= Knowledge society =

Society driven by knowledge

A knowledge society generates, shares, and makes available to all members of the society knowledge that may be used to improve the human condition. A knowledge society differs from an information society in that the former serves to transform information into resources that allow society to take effective action, while the latter only creates and disseminates the raw data. The capacity to gather and analyze information has existed throughout human history. However, the idea of the present-day knowledge society is based on the vast increase in data creation and information dissemination that results from the innovation of information technologies. The UNESCO World Report addresses the definition, content and future of knowledge societies.

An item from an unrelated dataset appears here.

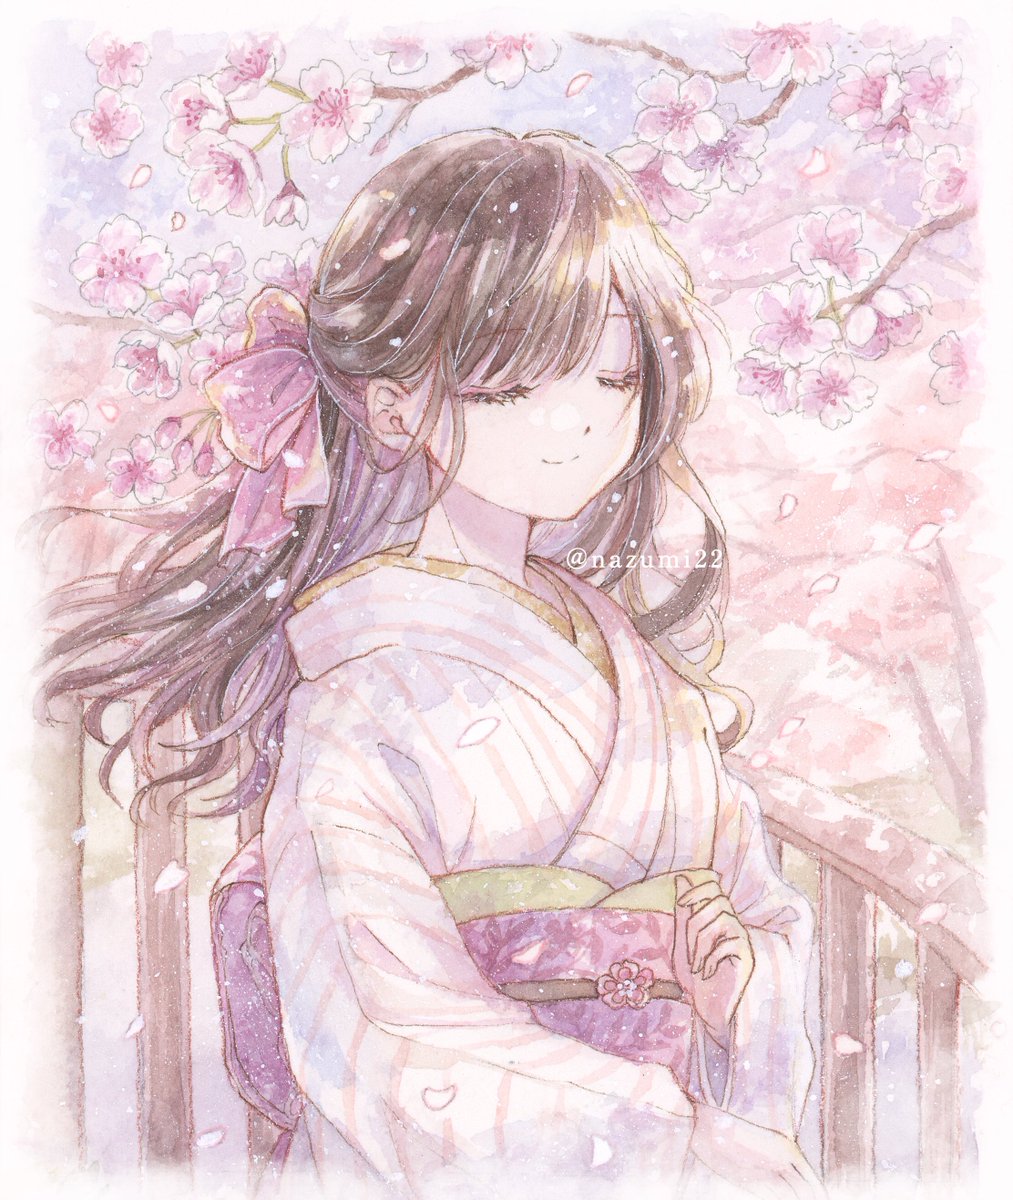 「桜色にとける#透明水彩 #アナログ絵 #oc 」|なずみ紫帆のイラスト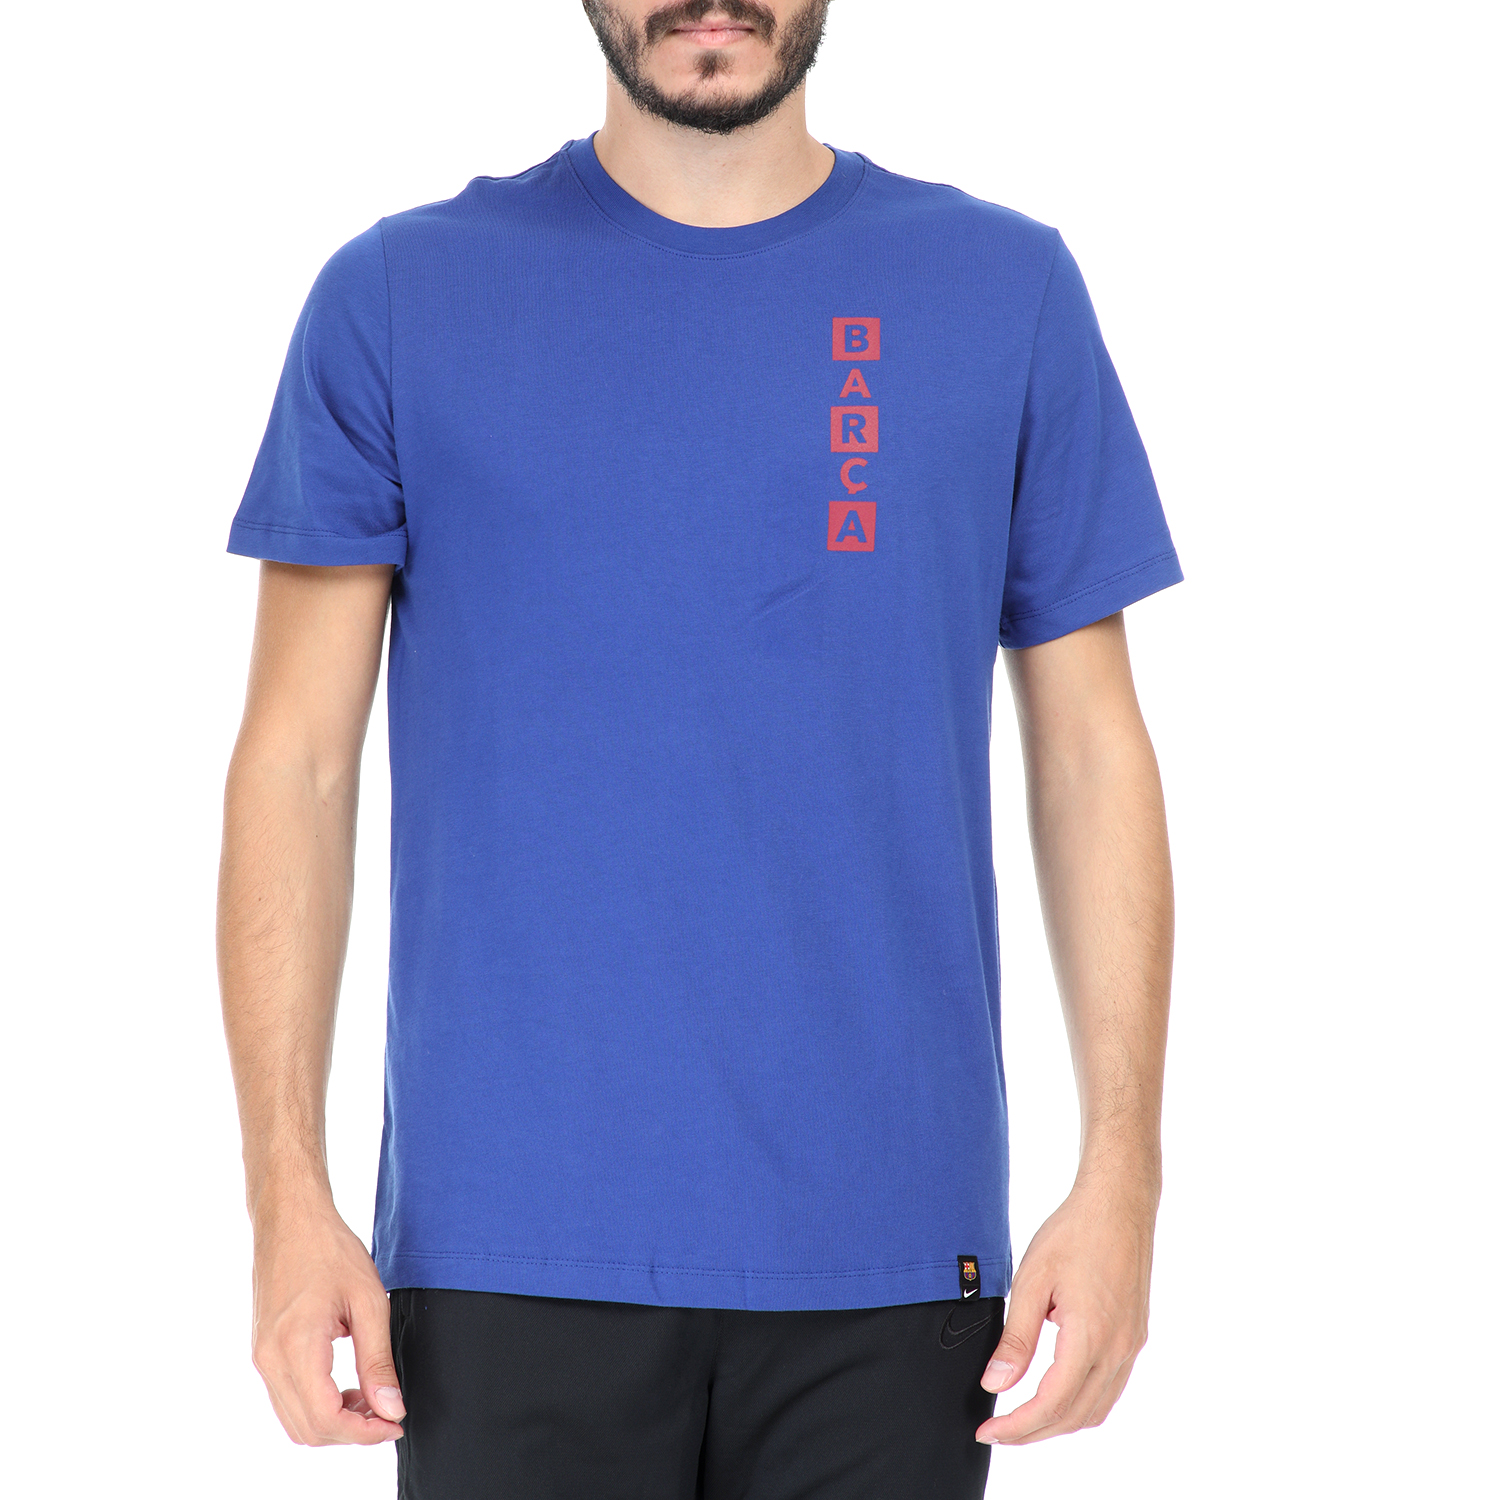 NIKE Ανδρική κοντομάνικη μπλούζα NIKE FCB KIT STORY TELL μπλε

== Information and communication technology ==

The growth of Information and communication technology (ICT) has significantly increased the world's capacity for creation of raw data and the speed at which it is produced. The advent of the Internet delivered unheard-of quantities of information to people. The evolution of the internet from Web 1.0 to Web 2.0 offered individuals tools to connect with each other worldwide as well as become content users and producers. Innovation in digital technologies and mobile devices offers individuals a means to connect anywhere anytime where digital technologies are accessible. Tools of ICT have the potential to transform education, training, employment and access to life-sustaining resources for all members of society.

However, this capacity for individuals to produce and use data on a global scale does not necessarily result in knowledge creation. Contemporary media delivers seemingly endless amounts of information and yet, the information alone does not create knowledge. For knowledge creation to take place, reflection is required to create awareness, meaning and understanding. The improvement of human circumstances requires critical analysis of information to develop the knowledge that assists humankind. Absent reflection and critical thinking, information can actually become "non-knowledge", that which is false or inaccurate. The anticipated Semantic Web 3.0 and Ubiquitous Web 4.0 will move both information and knowledge creation forward in their capacities to use intelligence to digitally create meaning independent of user-driven ICT.

== Social theory ==

The social theory of a knowledge society explains how knowledge is fundamental to the politics, economics, and culture of modern society. Associated ideas include the knowledge economy created by economists and the learning society created by educators. Knowledge is a commodity to be traded for economic prosperity. In a knowledge society, individuals, communities, and organizations produce knowledge-intensive work. Peter Drucker viewed knowledge as a key economic resource and coined the term knowledge worker in 1969. Fast-forward to the present day, and in this knowledge-intensive environment, knowledge begets knowledge, new competencies develop, and the result is innovation.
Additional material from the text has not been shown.